To install Chocolatey, you won’t require to open your web browser, download the tool and then go through any installation steps; all you have to to is copy and paste the following command in Command Prompt and press enter:

@powershell -NoProfile -ExecutionPolicy unrestricted -Command "iex ((new-object net.webclient).DownloadString('https://chocolatey.org/install.ps1'))" && SET PATH=%PATH%;%systemdrive%\chocolatey\bin

If you’re not sure how to copy and paste commands in Command Prompt, let’s guide you through that too. After copying the above text just open Command Prompt, right-click anywhere on it and select Paste from the context menu.


Upon pressing enter, the app will begin installation on its own, so just sit back and wait for it to complete. Once done, you’re now ready to download and install your favorite apps, provided they are listed in Chocolatey’s database, which as of now houses a host of freeware including Skype, VLC, Firefox, Chrome, Notepad++, 7Zip and many more. To check for an app’s availability, you can run the clist command with the app name, like this:

clist skype


If the app is found, it will be listed, along with other similar apps in certain cases as well. Found your favorite app in there? Great – it’s time to install it, which is also fairly hassle-free. All you have to do is use the cinst command, followed by the app’s name and press Enter. Here’s an example:

cinst skype

You may get the UAC prompt, depending on your security settings.
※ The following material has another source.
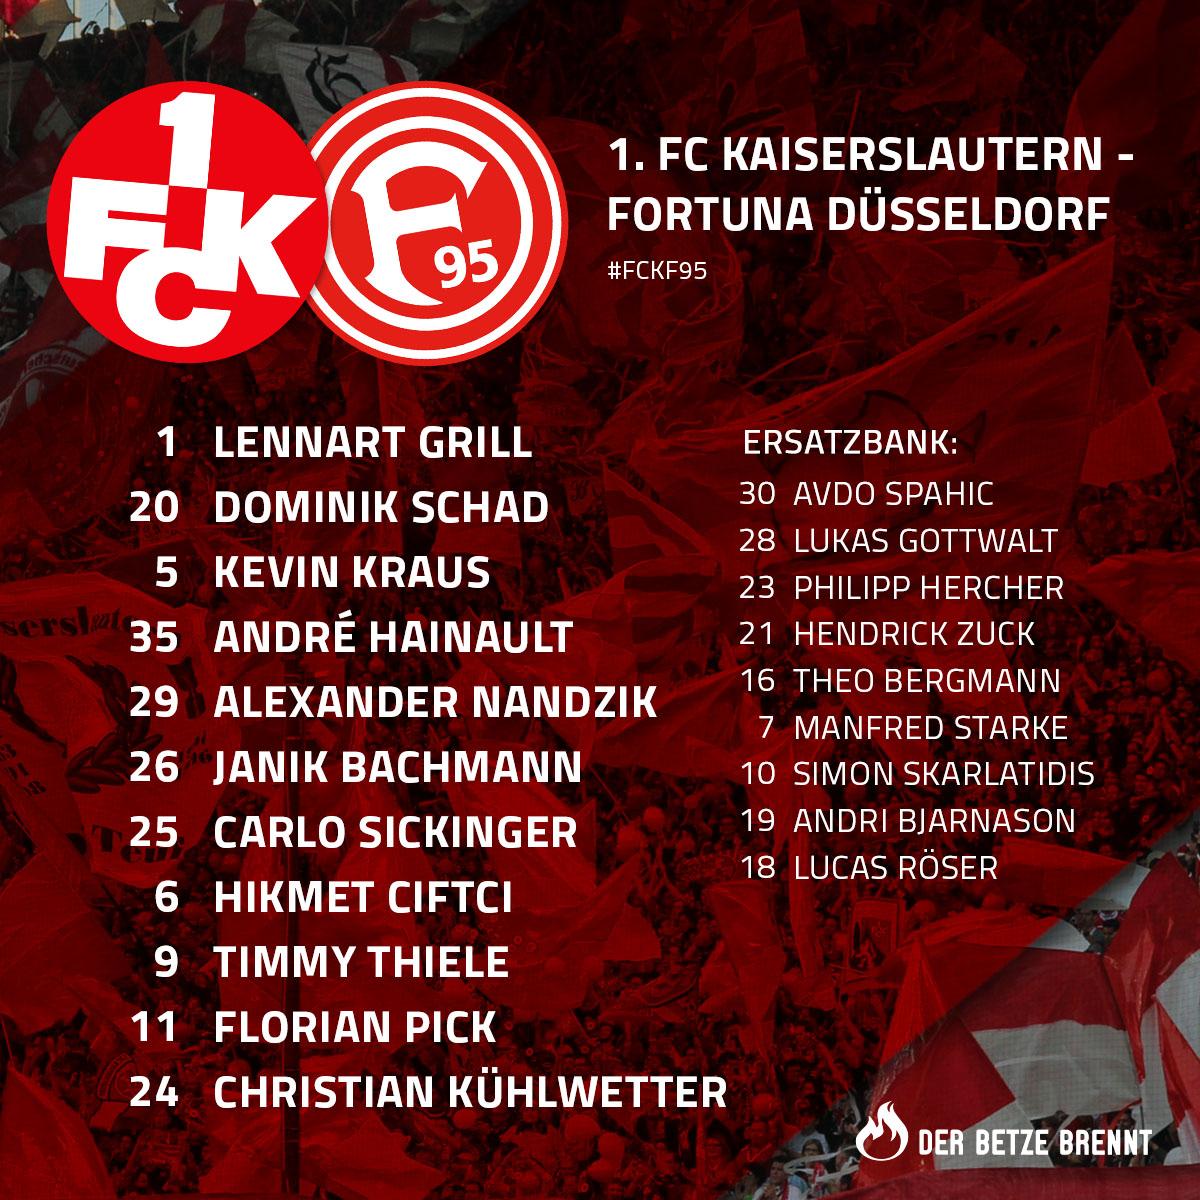 #FCKF95

Though it’s the only click that will nag you during installation process, and your app will start downloading and installing automatically without any further input required from you in the process. If there are any dependencies in the installation process (i.e. any apps that required to be installed first in order to successfully install the app specified in the command), Chocolatey takes care of that for you as well.

Chocolatey_Install App

You can see a list of all available commands by using this command:

chocolatey /?

The list Chocolatey shows offers long names of the commands. Fortunately, Chocolately offers shortcuts (like the cinst one that we’ve used above for ‘chocolatey install’), and here’s a list of all of them:

cinst: chocolatey install
cinstm: chocolatey installmissing
cup: chocolatey update
clist: chocolatey list
cver: chocolatey version
cwebpi: chocolatey webpi
cwindowsfeatures: chocolatey windowsfeatures
ccygwinL chocolatey cygwin
cpython: chocolatey python
cgem: chocolatey gem
cpack: chocolatey pack
cpush: chocolatey push
cuninst: chocolatey uninstall

All in all, it’s an an incredibly useful tool that allows you to do a lot in a very little time when it comes to app installation on Windows. While it already houses a stack of apps in its library, hopefully the list will grow as Chocolatey gets more attention from app developers. The app works on Windows XP, Windows Vista, Windows 7 and Windows 8. Testing was carried out on Windows 8 Pro, 64-bit edition.

Visit Chocolatey Website


  1. Doesn’t seem all that useful to me. There is a reason we use GUIs for this kind of thing. The problem with installers like this is that you already have to know about the program you want and you also already have to know what it does. If you already know those things, then you probably already have them installed.

    Even in an admin capacity, I couldn’t see this being useful, since most of these would be banned by corporation policy and anything that was allowed would be installed once on a local server and run across that.

    I also don’t see a way to set a custom installation directory for each application. That’s a huge minus.